◆ How to complete this task
Where does the word "with" show up in the records? Copy every line that holds it.

◆ Records for processing
--- START ---

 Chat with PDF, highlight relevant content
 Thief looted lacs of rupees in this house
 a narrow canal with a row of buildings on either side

--- END ---
--- START ---

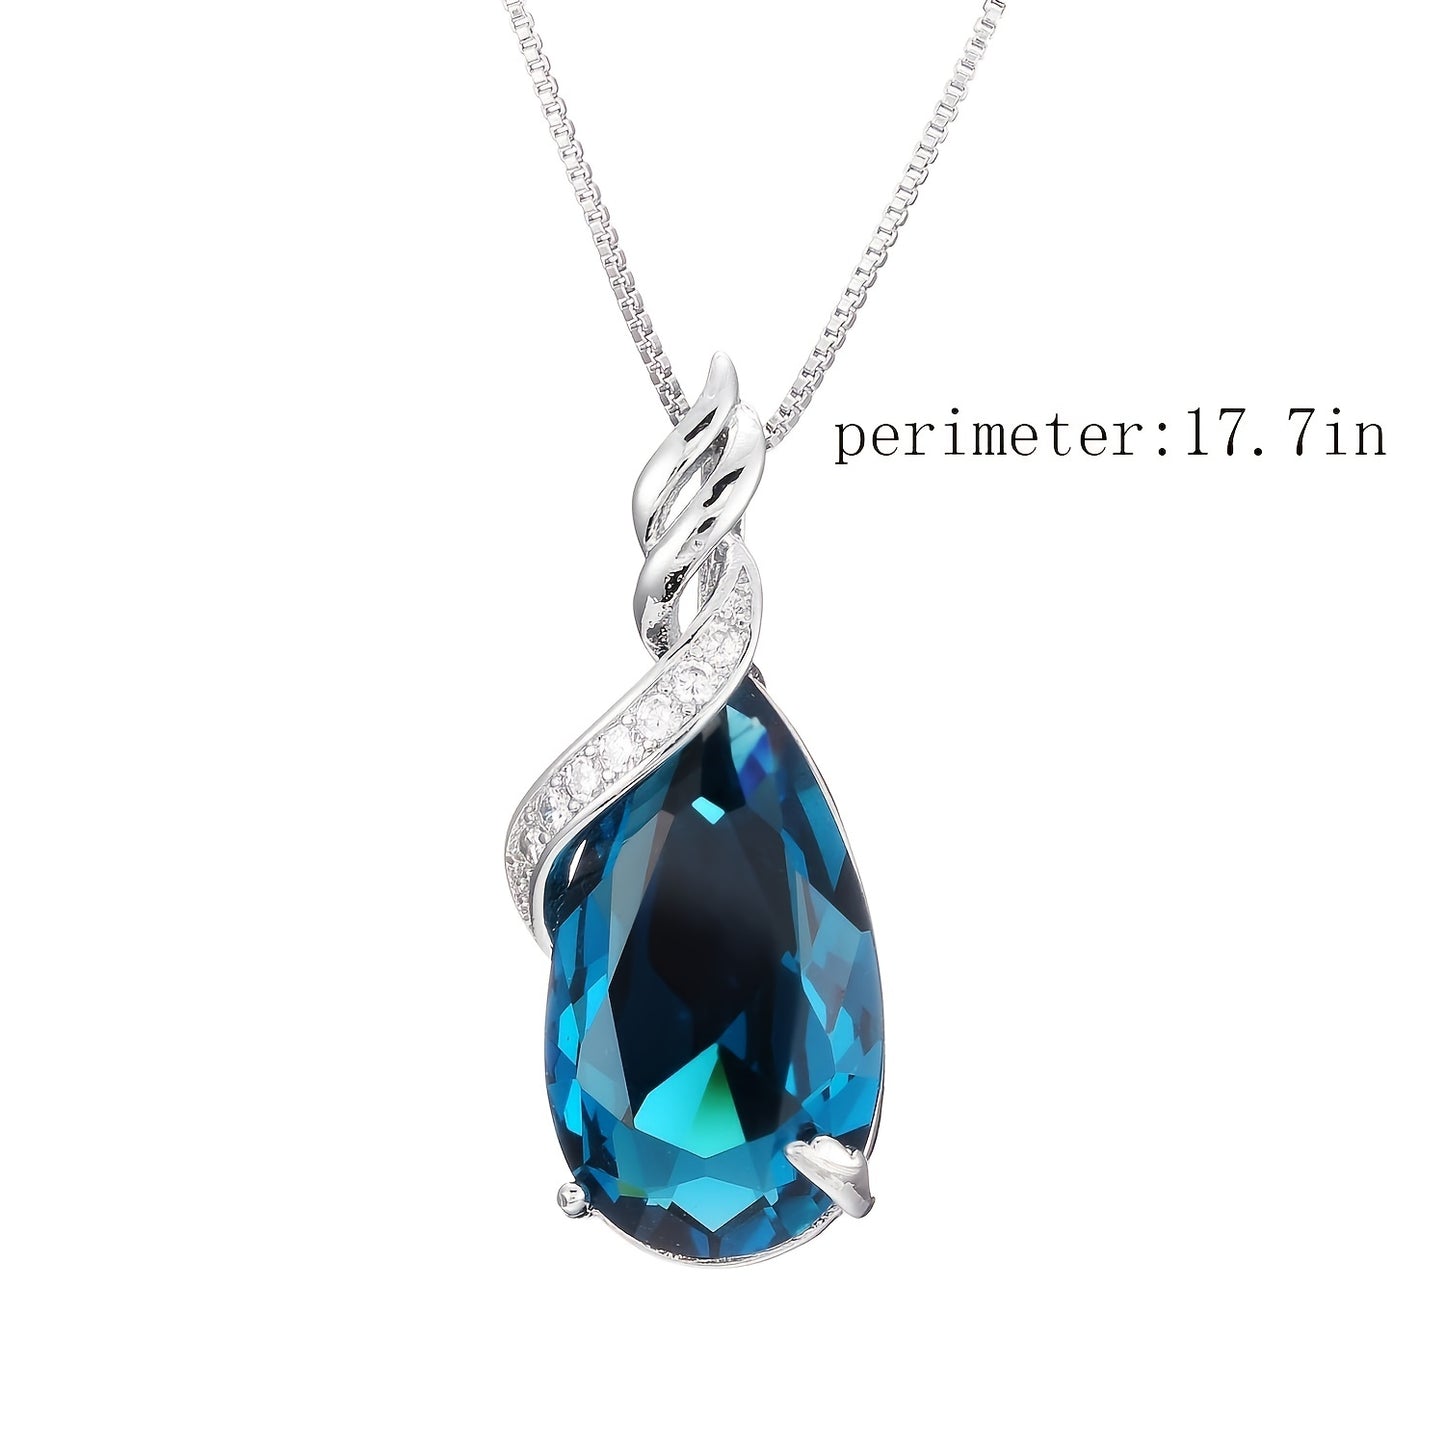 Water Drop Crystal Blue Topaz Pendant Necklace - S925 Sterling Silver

--- END ---

◆ Exercise response
 Chat with PDF, highlight relevant content
 a narrow canal with a row of buildings on either side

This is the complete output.